What are you waiting for?

As I write this, we are now only thirteen days away from Christmas. The older I get, I hope for more time before Christmas comes, because there is so much that still needs to get done (or so I think). But when I was a child, it seemed like Christmas would never get here. Children have a hard time waiting for Christmas. A number of years ago I came across some actual letters that anxious children wrote to Santa.

"Dear Santa Claus, When you come to my house there will be cookies for you. But if you’re real hungry you can use our phone and order a pizza to go." "Dear Santa, I want a puppy. I want a playhouse. Thank you. I’ve been good most of the time. Sometimes I’m wild." Here’s one from an honest four-year old: "Dear Santa, I’ll take anything because I haven’t been that good." "Dear Santa, I’m not going to ask for a lot. Here’s my list: the Etch-A-Sketch animator, two packs of #2 pencils, Crayola fat markers and the big own color TV! Well, maybe you could drop the pencils; I don’t want to be really selfish."

Christmas is often associated with waiting in anticipation. I can remember one Christmas as a child when I really wanted a bicycle and a G.I. Joe. I dropped hints everywhere. I talked about it every chance I had. I even tried extra hard to be nice to my sister during the countdown to Christmas which wasn’t easy to do! When Christmas morning finally came, I jumped out of bed and ran to my folks’ bedroom to wake them up. My sister came into the room about the same time, and we all went in by the tree to open our presents. Sure enough, one of my presents was a G.I. Joe. I was thrilled! But I didn’t see a bike. We got through unwrapping our gifts, but there was no bike. And then my dad said, “Oh, wait, I think there’s one present left downstairs.” I ran downstairs, and to my great surprise, my waiting was over.

So what are you waiting for? Are you longing for anything? What are you expecting to receive? Are you looking forward to anything special this Christmas?

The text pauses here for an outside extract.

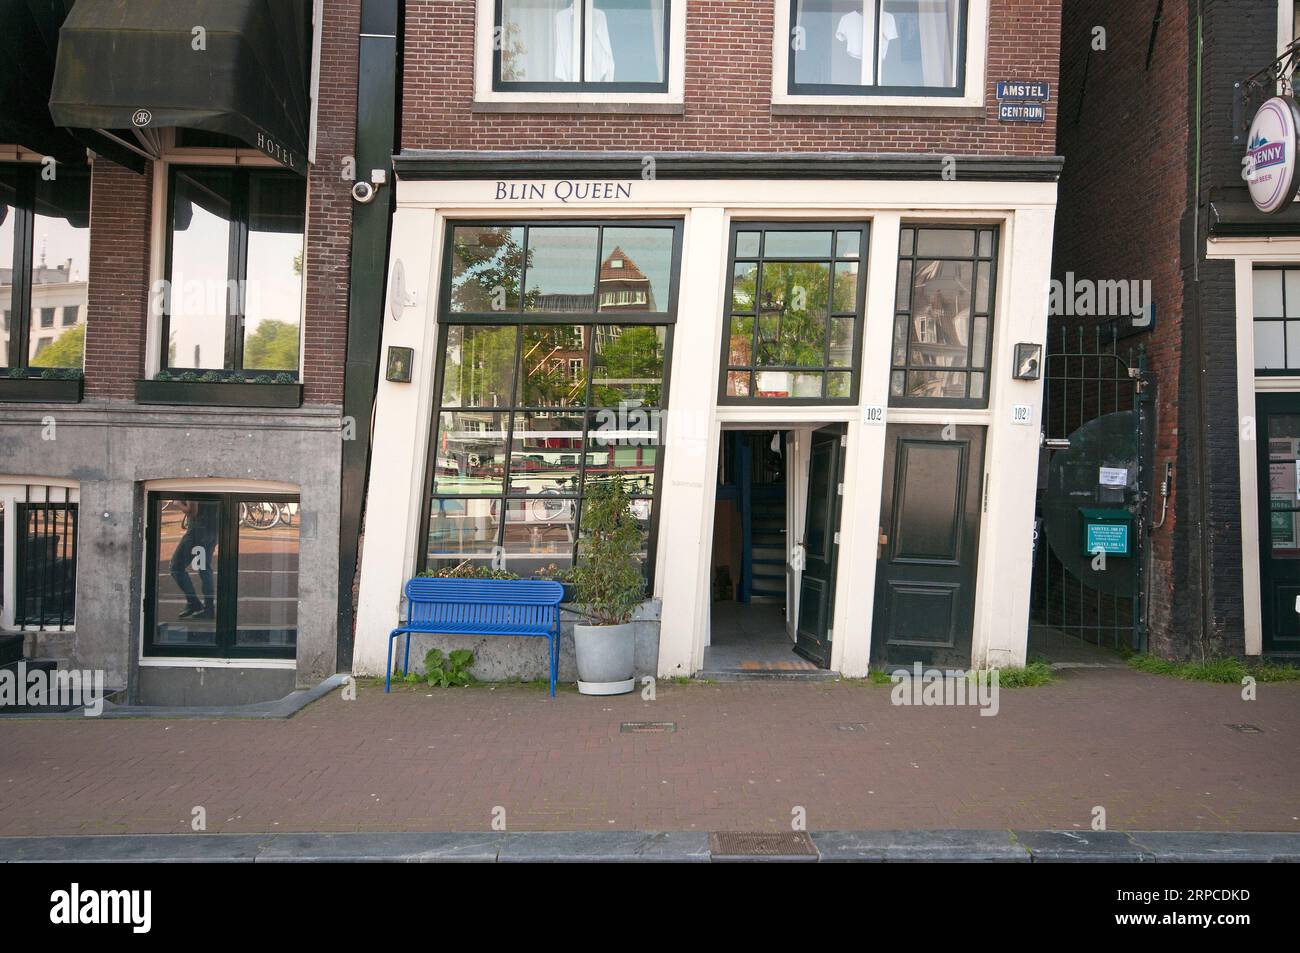 Ristorante Blin Queen in un edificio storto, via Amstel, Amsterdam, Paesi Bassi Foto Stock
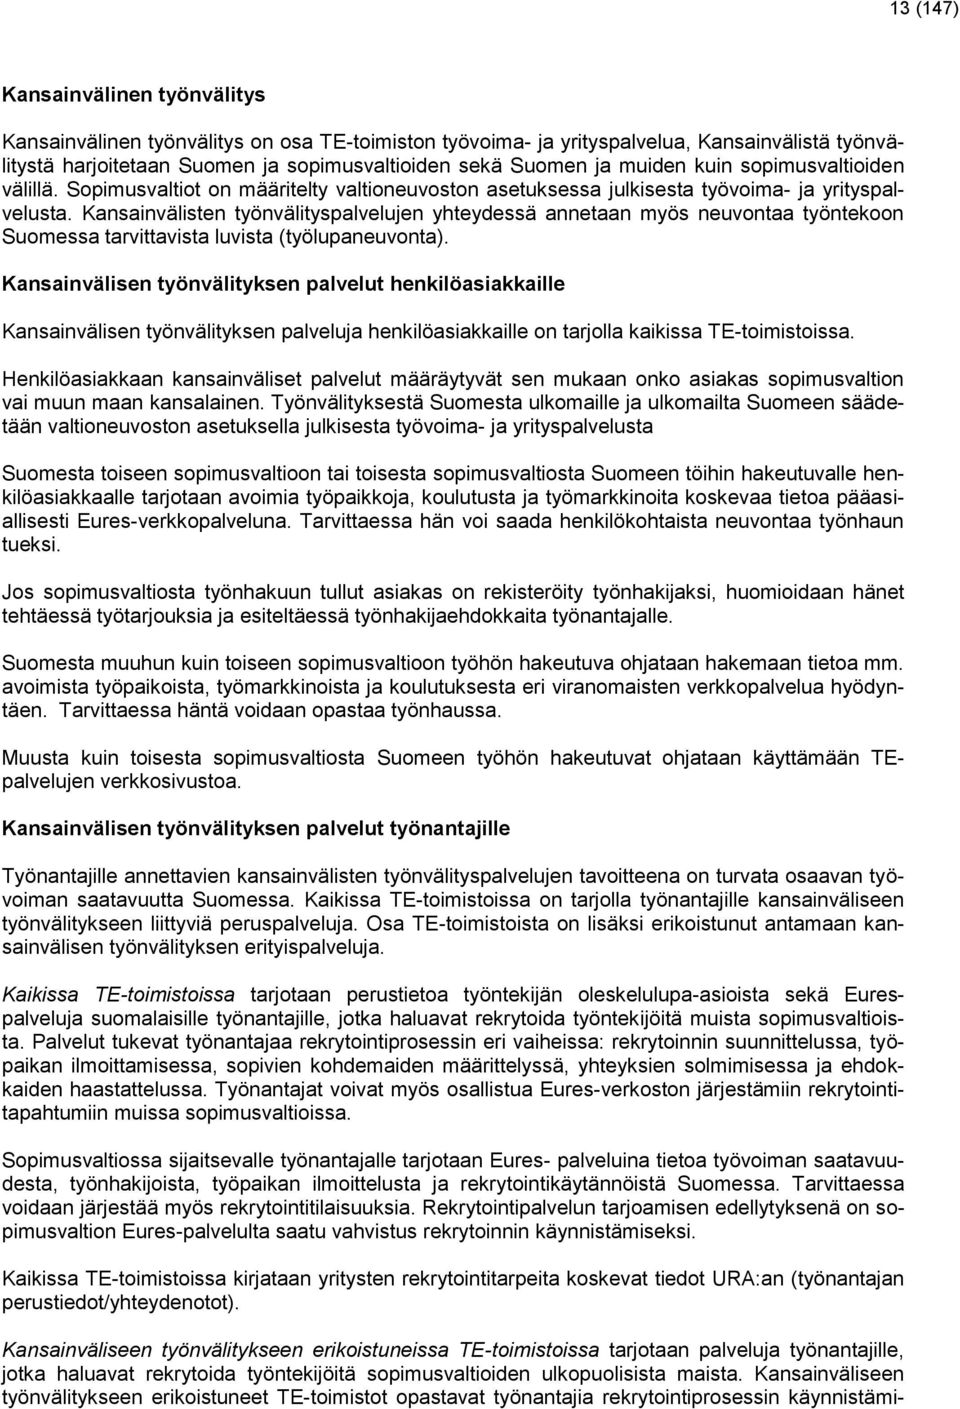 Kansainvälisten työnvälityspalvelujen yhteydessä annetaan myös neuvontaa työntekoon Suomessa tarvittavista luvista (työlupaneuvonta).

In the Gospel of Luke, we come across two characters that make their appearance in the final acts of the Christmas drama. One is a man named Simeon, and the other is a woman named Anna. They don’t appear in any nativity scenes or in many Christmas cards, but they are significant players in the first Christmas pageant. Both of these individuals were waiting for something -- actually, they were waiting for Someone.

Luke uses a Greek word, prosdechomai, that speaks of anticipation.  The word identifies them as waiting with expectation for the coming of the Messiah or Savior.  It literally means they were “alert to His appearance, and ready to welcome Him.”  We see this word in Luke 2:25 in reference to Simeon where we read that “He was waiting...” and in Luke 2:38 to describe Anna speaking to all who were “...looking forward to...” or “waiting.”  They had been waiting for years for the coming of the Messiah, and they were there to receive Him when He came.  

That one Christmas when I was a kid, I only had to wait a few months for that bike and that G. I. Joe. But when the moment came, I was ready to receive those gifts. Simeon and Anna were waiting for decades, but they were still there ready to receive the gift of Jesus.

And now, we, too, are waiting. We may be waiting for that new job or that upcoming wedding or for good news from the doctor or for our marriage to get better. All of these would be wonderful gifts to receive, wouldn’t they? But as wonderful as they may be, they pale in comparison to the gift of Jesus.

This Christmas season, may we be found waiting for Him. May we be "alert to His appearance, and ready to welcome Him." May we receive Him into our hearts, lives, and families, and through His presence within us, may we share His love with all around us. Merry Christmas.